• _PROBLEM REQUIREMENTS_: Every line of the material is to be returned verbatim. Pictures stay out.

• _RECORDED INFORMATION_:
>>>>>
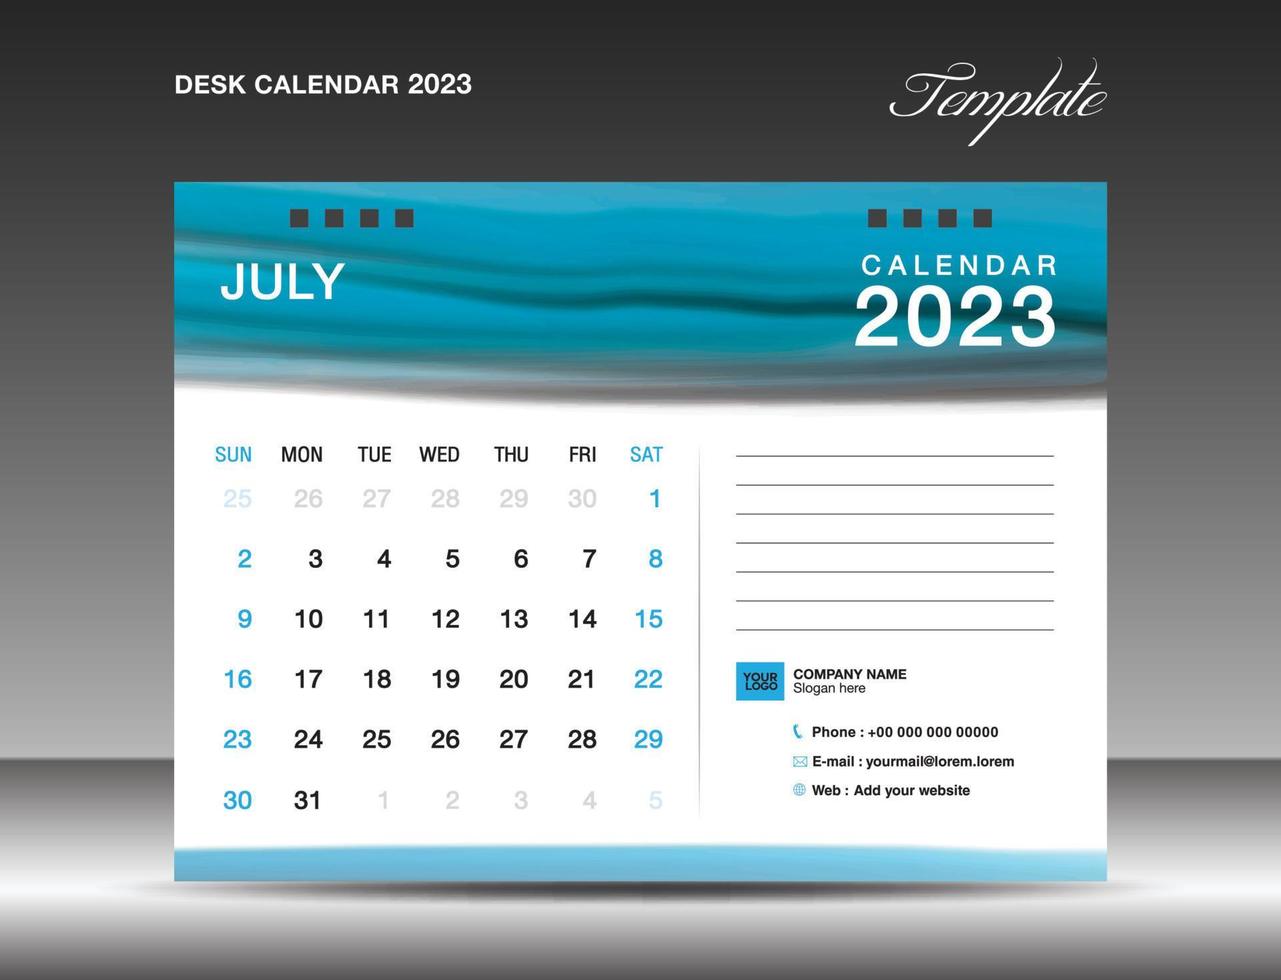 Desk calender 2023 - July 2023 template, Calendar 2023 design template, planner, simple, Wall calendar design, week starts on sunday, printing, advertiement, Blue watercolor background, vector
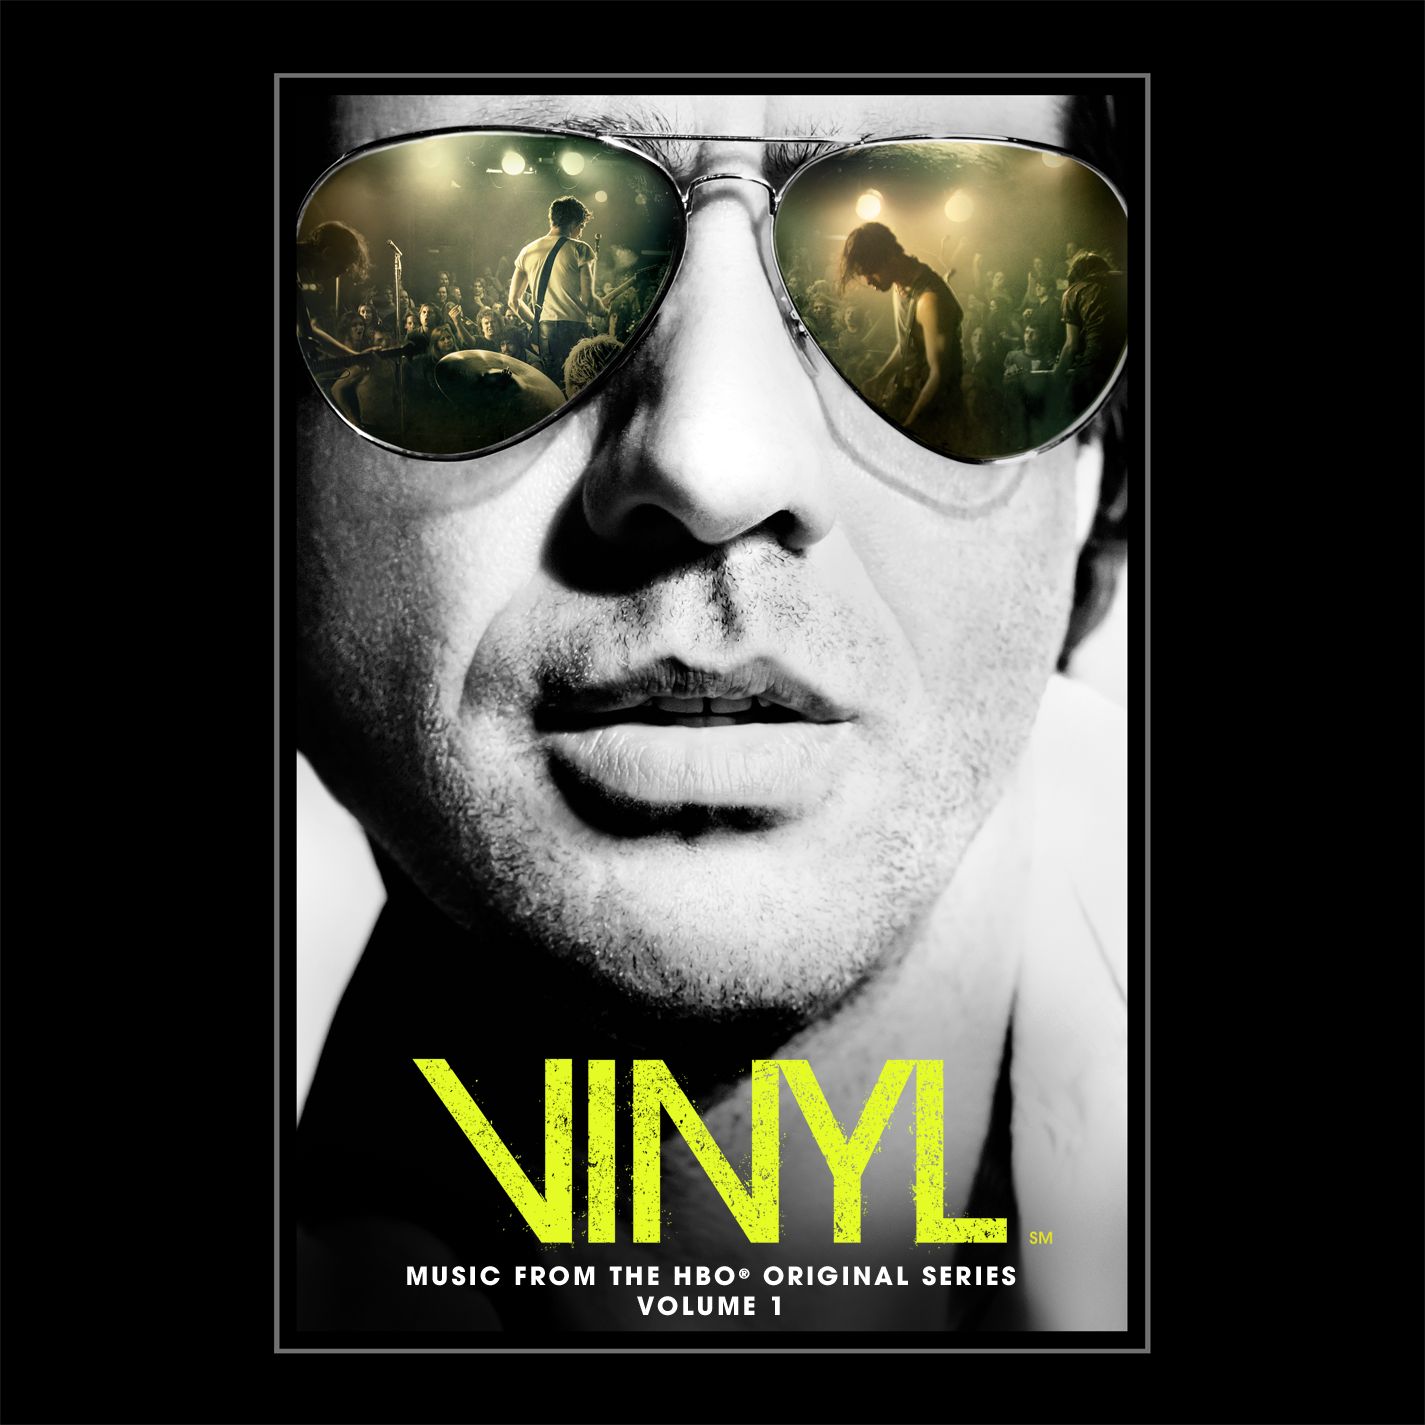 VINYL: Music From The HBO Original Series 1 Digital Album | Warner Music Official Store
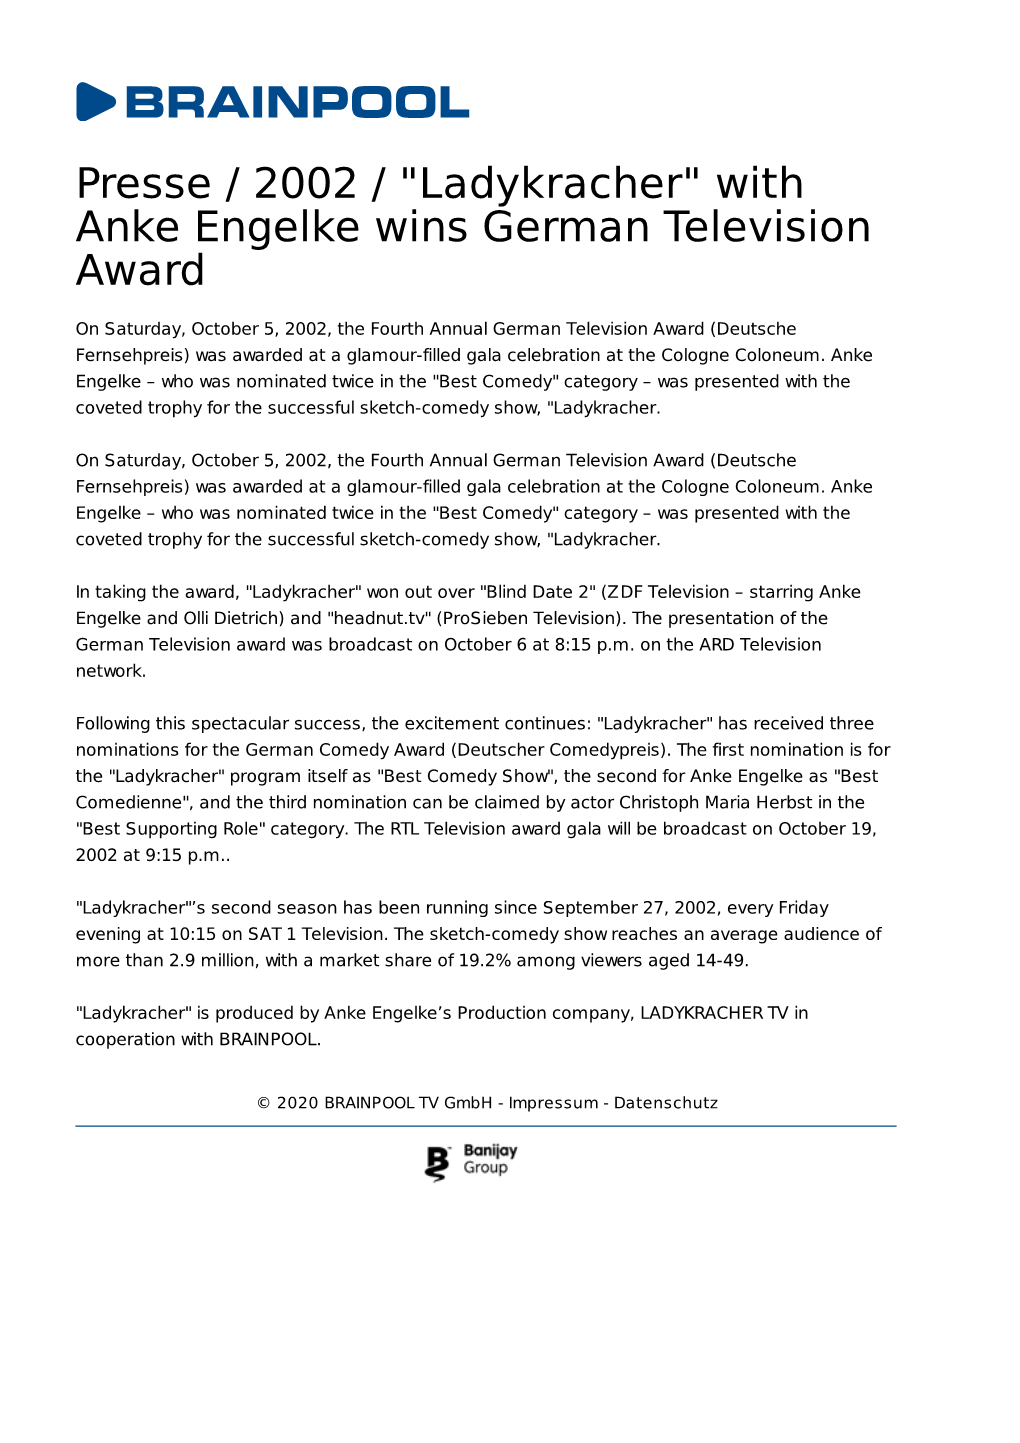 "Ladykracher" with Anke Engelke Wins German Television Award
<<<<<
• _TASK OUTPUT_:
 Desk calender 2023 - July 2023 template, Calendar 2023 design template, planner, simple, Wall calendar design, week starts on sunday, printing, advertiement, Blue watercolor background, vector
 VINYL: Music From The HBO Original Series 1 Digital Album | Warner Music Official Store
 "Ladykracher" with Anke Engelke Wins German Television Award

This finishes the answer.